I don't agree with some of your examples when taken literally, but I agree with the nuanced thing you're pointing at with them, e.g., building good roads seems very valuable precisely because it helps other projects, if there is high nurse absenteeism then the nurses who show up take some of the impact...

I think that if you divide the thing's impact by, say 10x, the ordering of the things according to impact remains, so this shouldn't dissuade people from doing high impact things. The interesting thing is that some divisors will be greater than others, and thus the ordering will be changed. I claim that this says something interesting.

## 2.

Not really. If 10 people have already done it, your Shapley value will be positive if you take that bargain. If the thing hasn't been done yet, you can't convince 10 Shapley-optimizing altruists to do the thing for 0.5m each, but you might convince 10 counterfactual impact optimizers. As @casebach mentioned, this may have problems when dealing with uncertainty (for example: what if you're pretty sure that someone is going to do it?).

## 3.

You're right. The example, however, specified that the EAs were to be "otherwise idle", to simplify calculations.

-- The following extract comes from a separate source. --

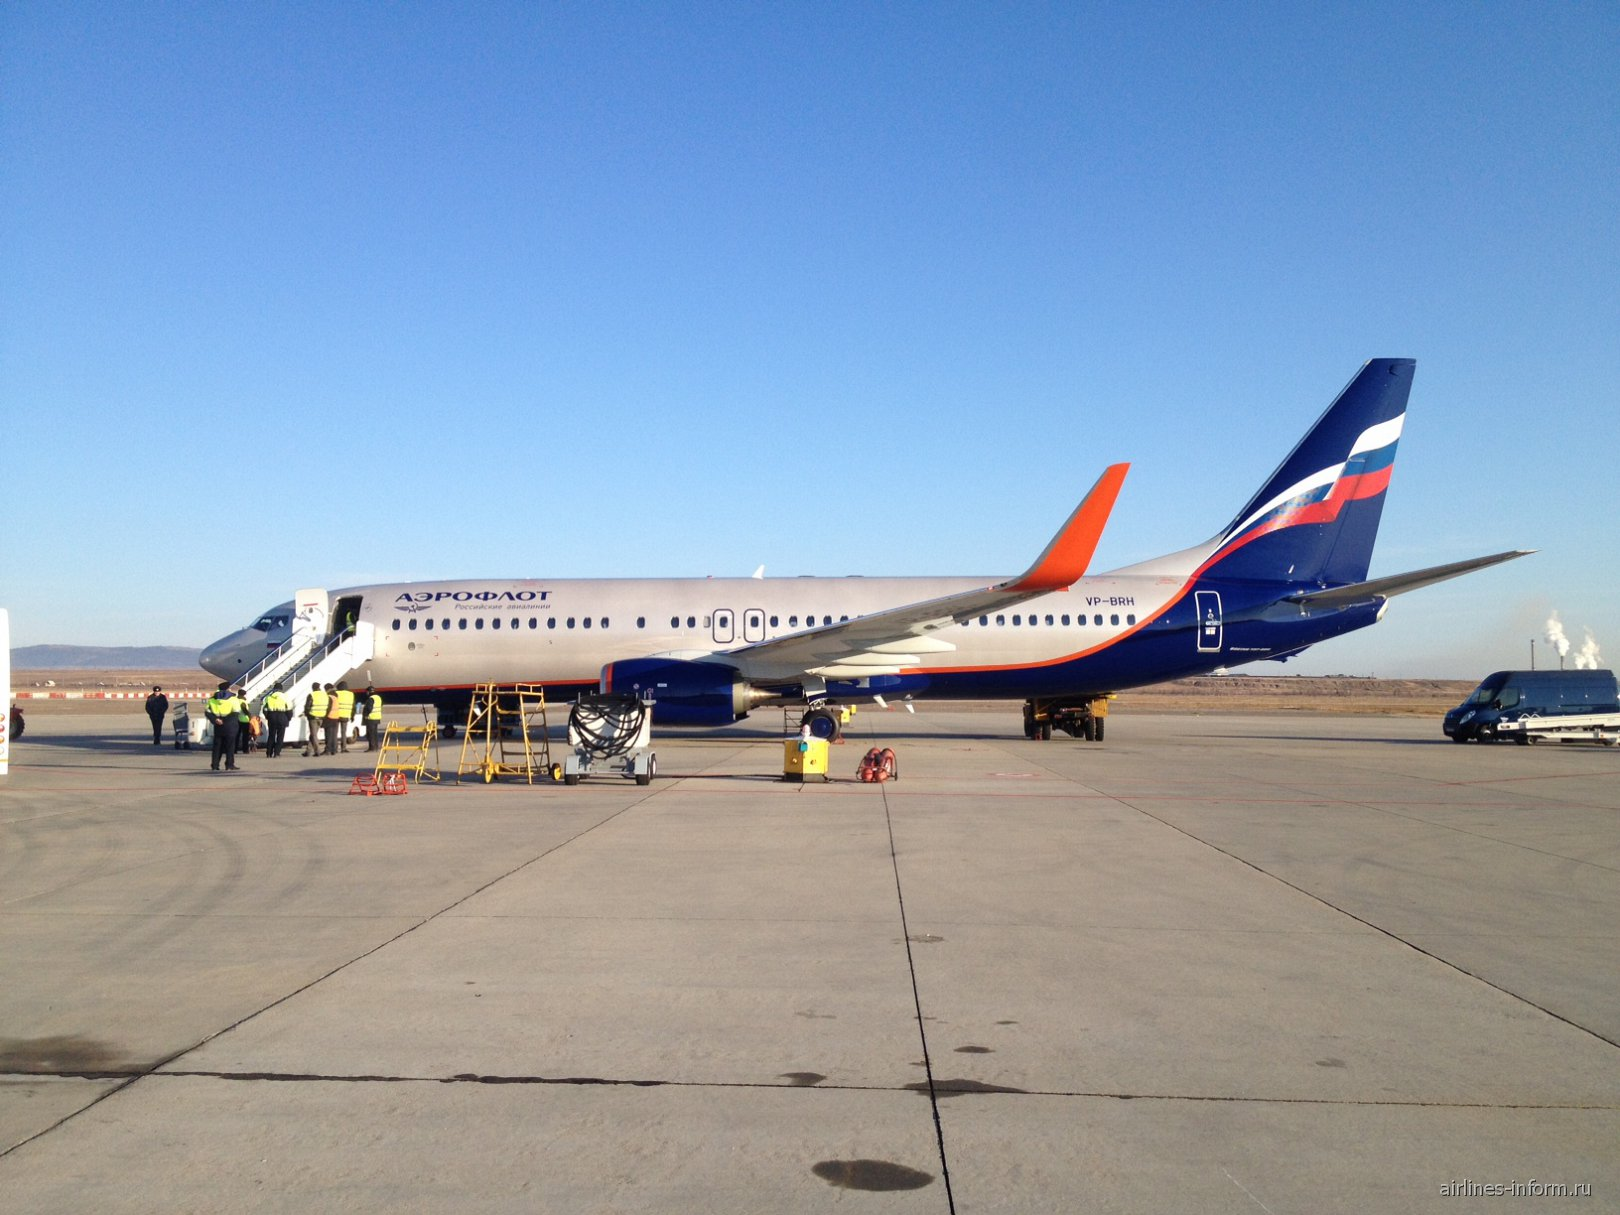 "Боинг-737-800 VP-BRH ""Кустодиев"" авиакомпании Аэрофлот в аэропорту Читы"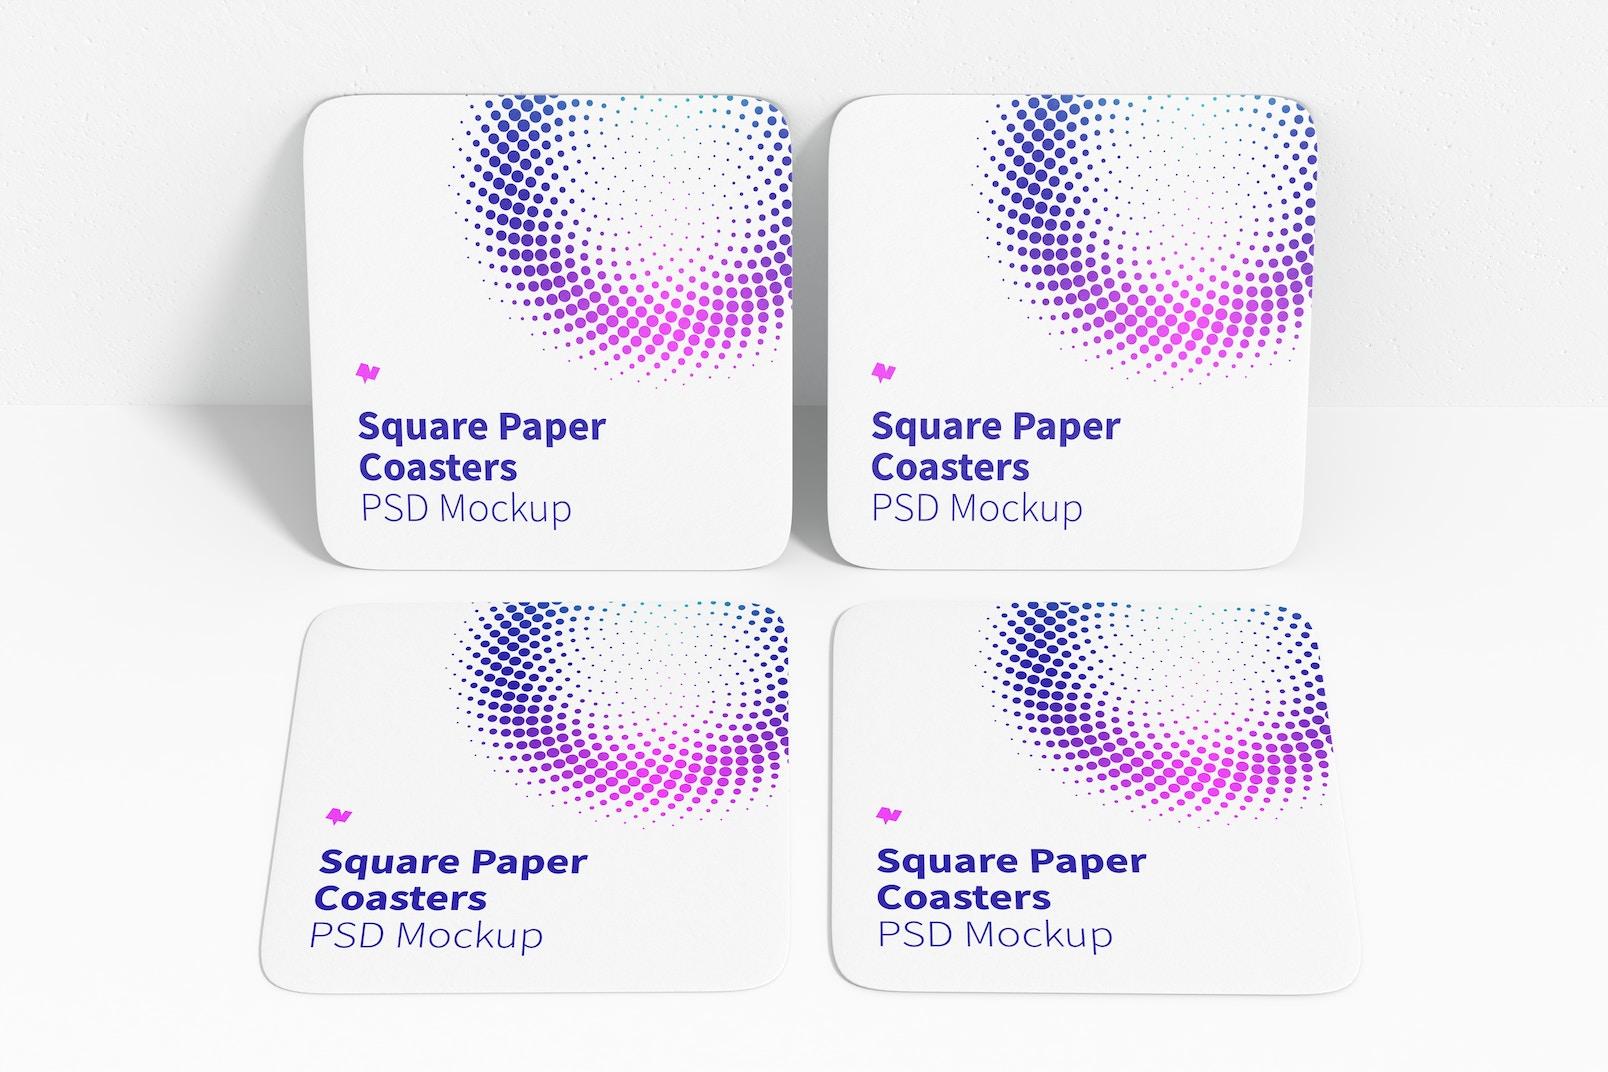 Square Paper Coasters with Mug Mockup

The order indifference of Shapely values only makes sense from a perspective where there is perfect knowledge of what other players will do, but if you don't have that, a party that spent a huge amount of money on a project that was almost certainly going to be wasteful and ended up being saved when by sheer happenstance another party appeared to save the project was not making good spending decisions. Similarly, many agents won't be optimising for Shapely value, say a government which spends money on infrastructure not caring about whether it'll be used or not just to win political points, so they don't properly deserve a share of the gains when someone else intervenes with notifications to make the project actually effective.

I feel that this article presents Shapley value as just plain superior, when instead a combination of both Shapley value and counterfactual value will likely be a better metric. Beyond this, what you really want to use is something more like FDT where you take into account the fact that the decisions of some agents are subjunctively linked to you and that the decisions of some other agents aren't. Even though my current theory is that very, very few agents are actually subjunctively linked to you, I suspect that thinking about problems in this fashion is likely to work reasonably well in practise (I would need to dedicate a solid couple of hours in order to be able to write out my reasons for believing this more concretely)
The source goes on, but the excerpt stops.